Chapter 25: Vultures Circling
The Kane Brothers – Australia’s Krays, The Toecutters
Note 46: Roger Rogerson was a notoriously bent Sydney copper. He worked both sides of the law, regularly providing police information to crooks. Although credited with bringing the Toecutters to justice, it is widely believed he had previously worked with them. Implicated in two murders, extortion, and drug dealing, he was dismissed from the force in 1986. In 2016, he was sentenced to life for the murder of Jamie Gao. He died in gaol in 2024.

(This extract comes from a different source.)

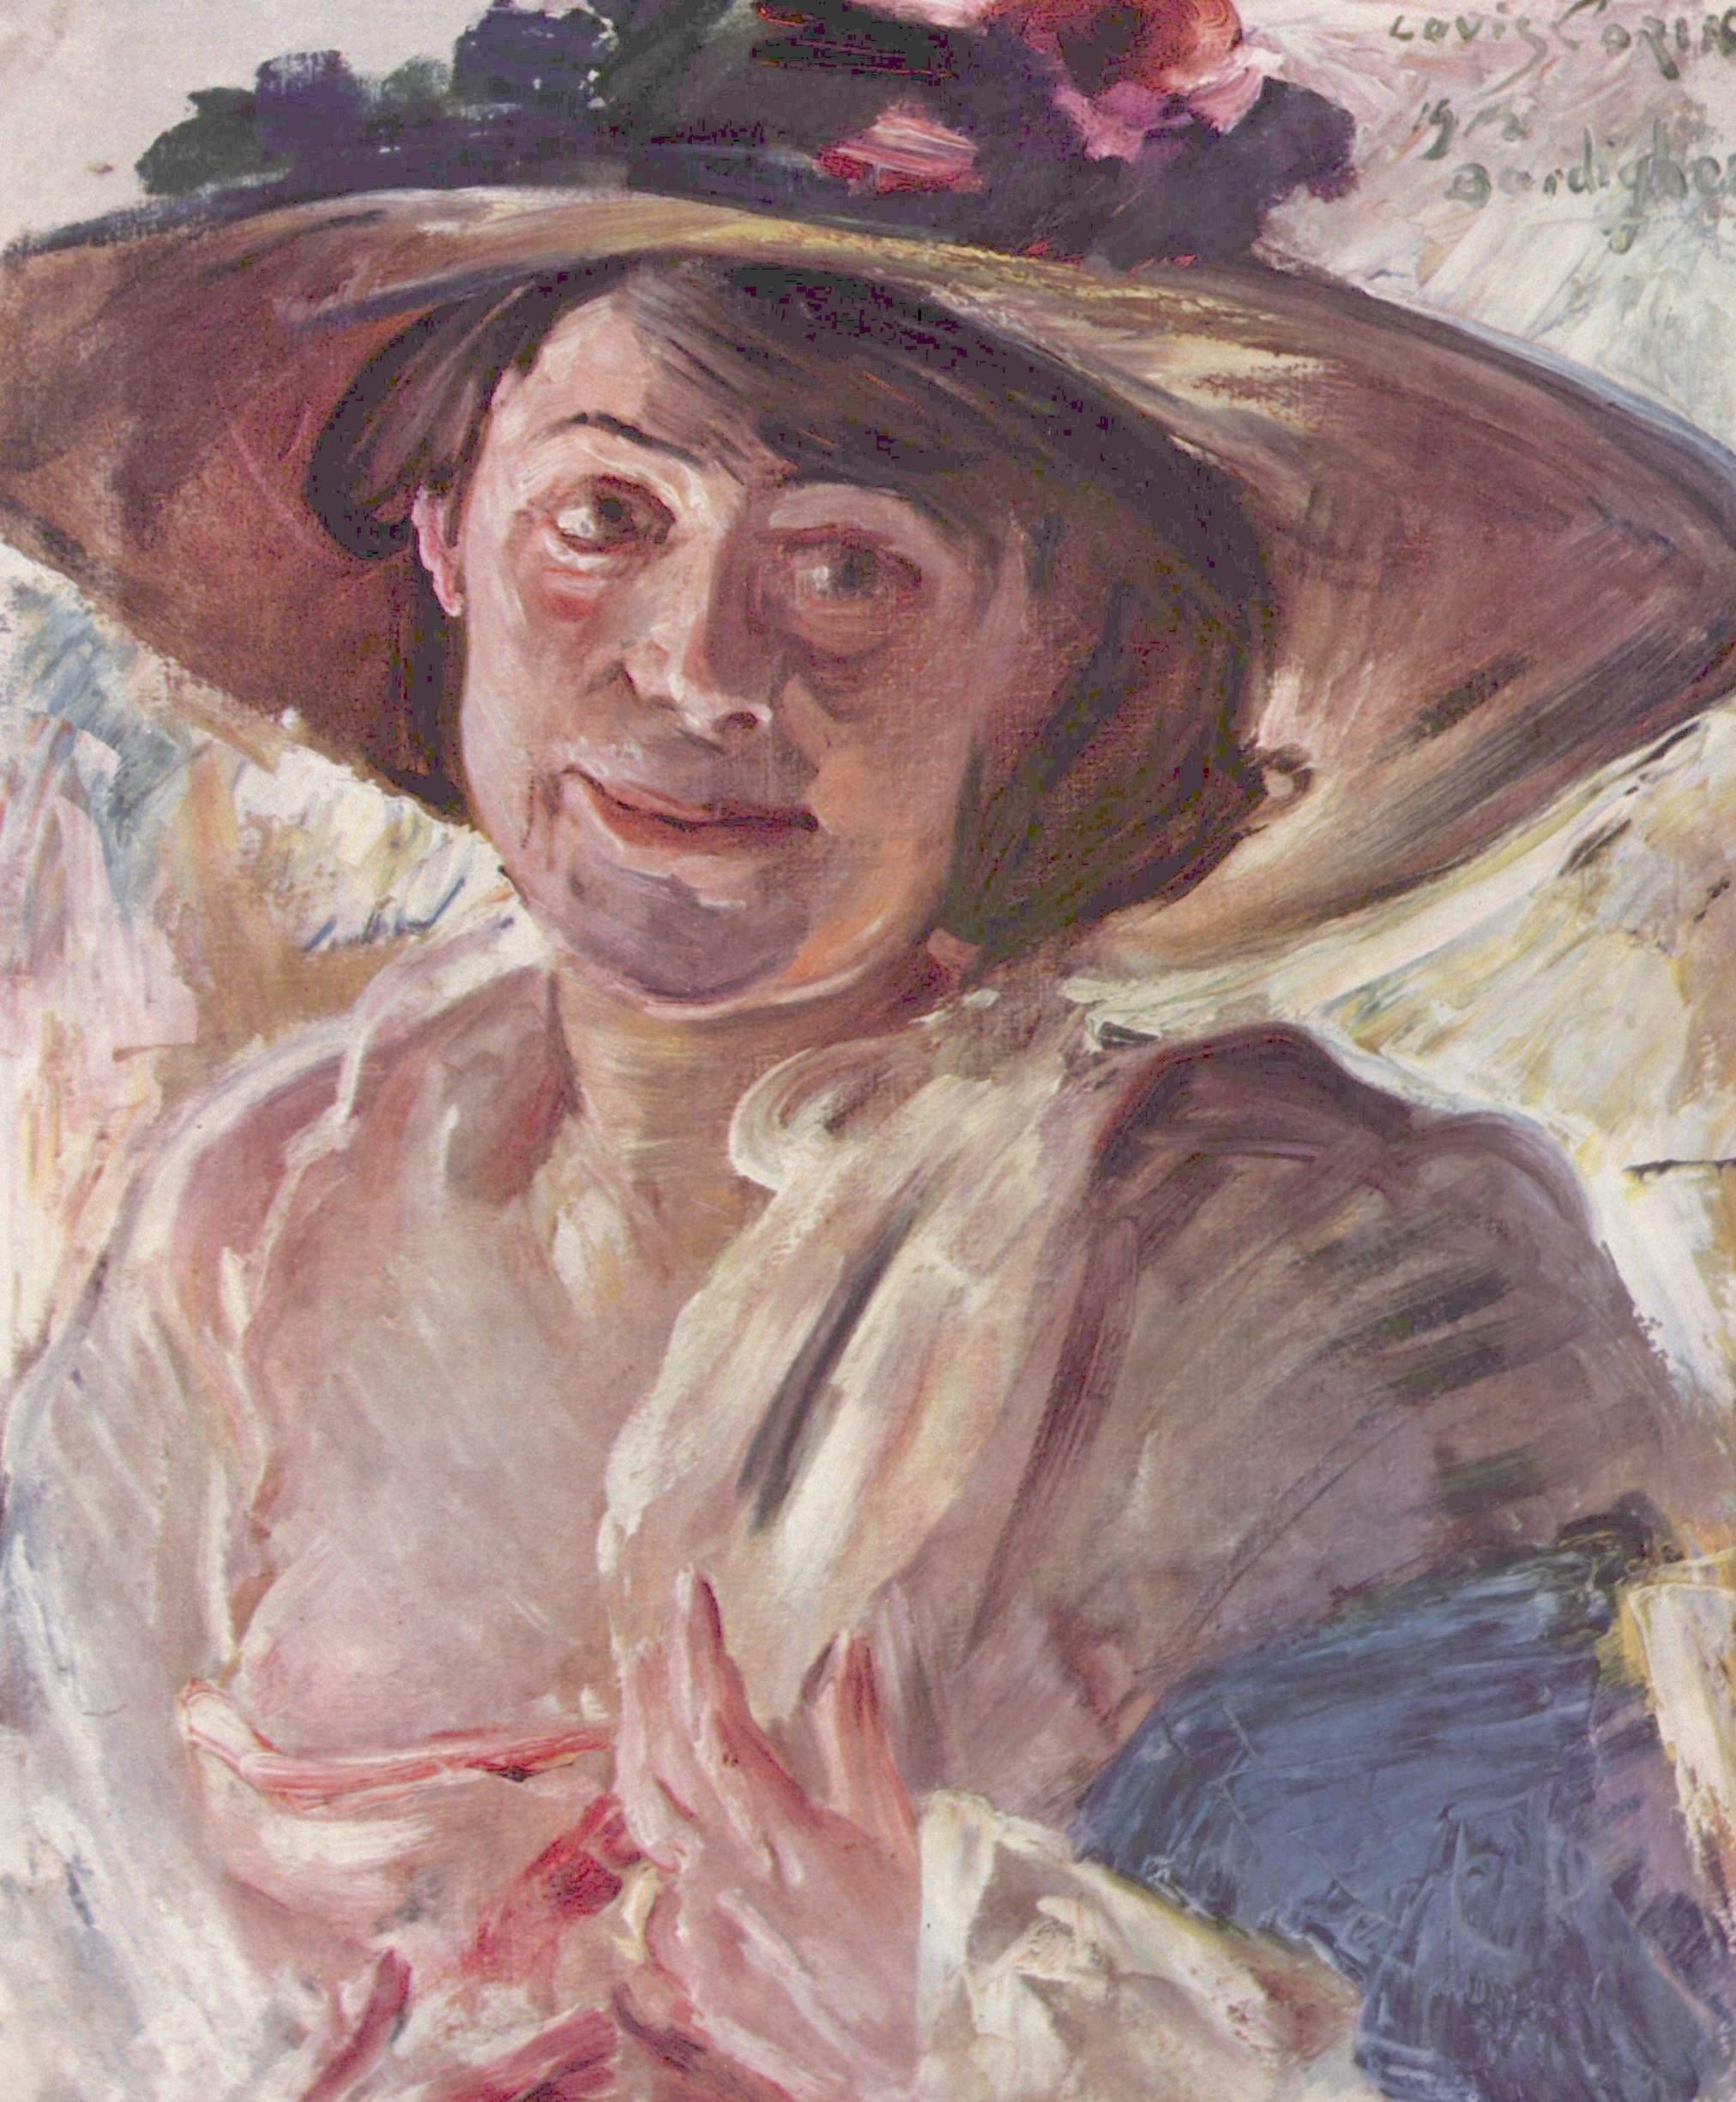 Дама в розовой шляпе. Портрет Шарлотты Беренд-Коринт, Коринт Ловис
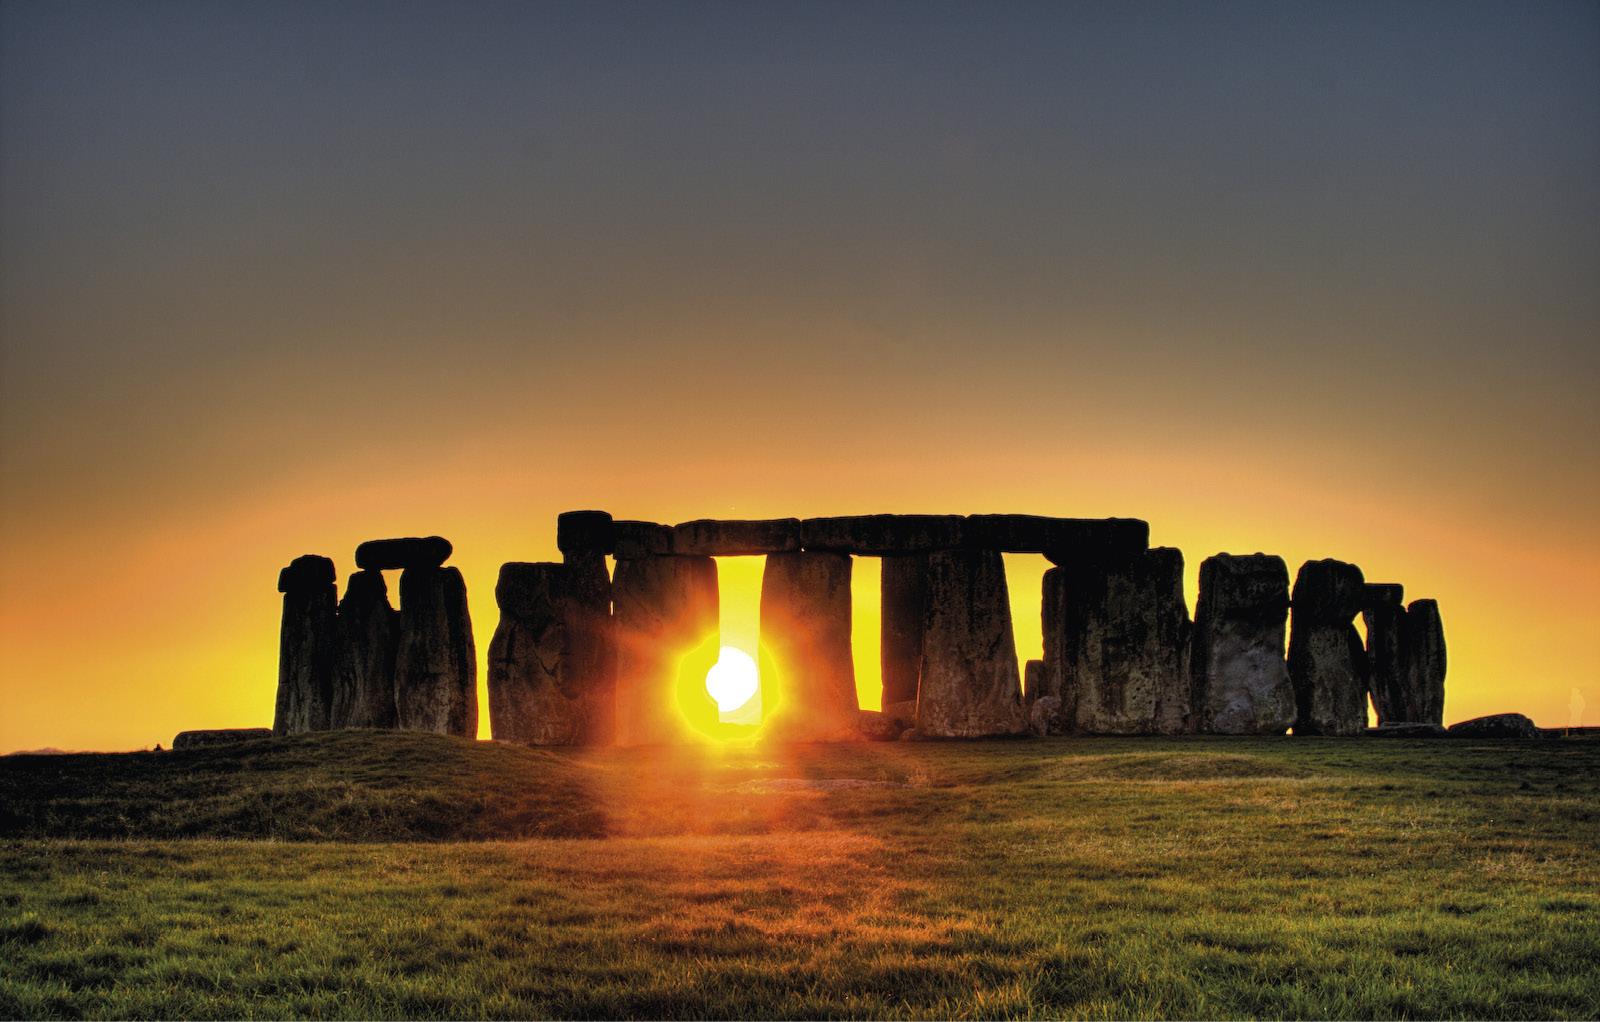 Nascer do sol, no solstício de inverno, em Stonehenge. Stonehenge é uma estrutura formada por círculos concêntricos de pedras, que chegam a ter 5 m de altura e a pesar quase 50 toneladas, existente desde 3100 a.C.. As teorias atuais a respeito da finalidade de Stonehenge sugerem o uso simultâneo para observações astronómicas e funções religiosas. Em Portugal, existe uma estrutura semelhante, perto de èvora, o cromeleque dos Almendres.

Note 47: Sydney’s Toecutter Gang: so named for the method of torture used on their victims. The gang was said to have been instigated by corrupt copper Roger Rogerson, in an attempt to extort a share of the March 4, 1970, robbery of a Mayne Nickless van of $587,890. The gang's members included Kevin Victor Gore, brothers William Andrew 'Billy' Maloney and John Patrick 'Jake' Maloney, and Linus Patrick 'The Pom' Driscoll.
Chapter 26: Things Heat Up
Gone to Ground, Harbourside Holiday, In the Cross,
Legal Support
Note 48: The $1 note was replaced by a $1 coin in 1984, while the $2 note was replaced by a smaller $2 coin in 1988. Although no longer printed, all previous notes of the Australian dollar are still considered legal tender.
Chapter 27: First Cracks
Ray’s Mum, Just Like Old Times, Relationships Fracture
Note 49: For context as to the $90,000 Ray gave his mother, the author paid $79,000 for a 3-bedroom house in Brighton Beach around the same time. It needed work, but was bayside. $90,000 would have bought a beautiful home in suburban Melbourne at the time. As a rule of thumb, multiply values by 10 for today’s equivalent.
Chapter 28: Crossroads
Normie’s Arrest, Normie’s Day in Court, The Flower Drum
Ian Leaves, Those Left Behind
Note 50: On April 6, 1977, Norman Lee was charged with armed robbery of the Victoria Club and receiving proceeds from the Bookie Robbery. He was later acquitted due to a lack of evidence.
Note 51: At the time of this story, the Flower Drum restaurant was located on Little Bourke Street, in the heart of Melbourne’s Chinatown. It relocated to Market Lane about a decade later. It is still considered a Melbourne institution.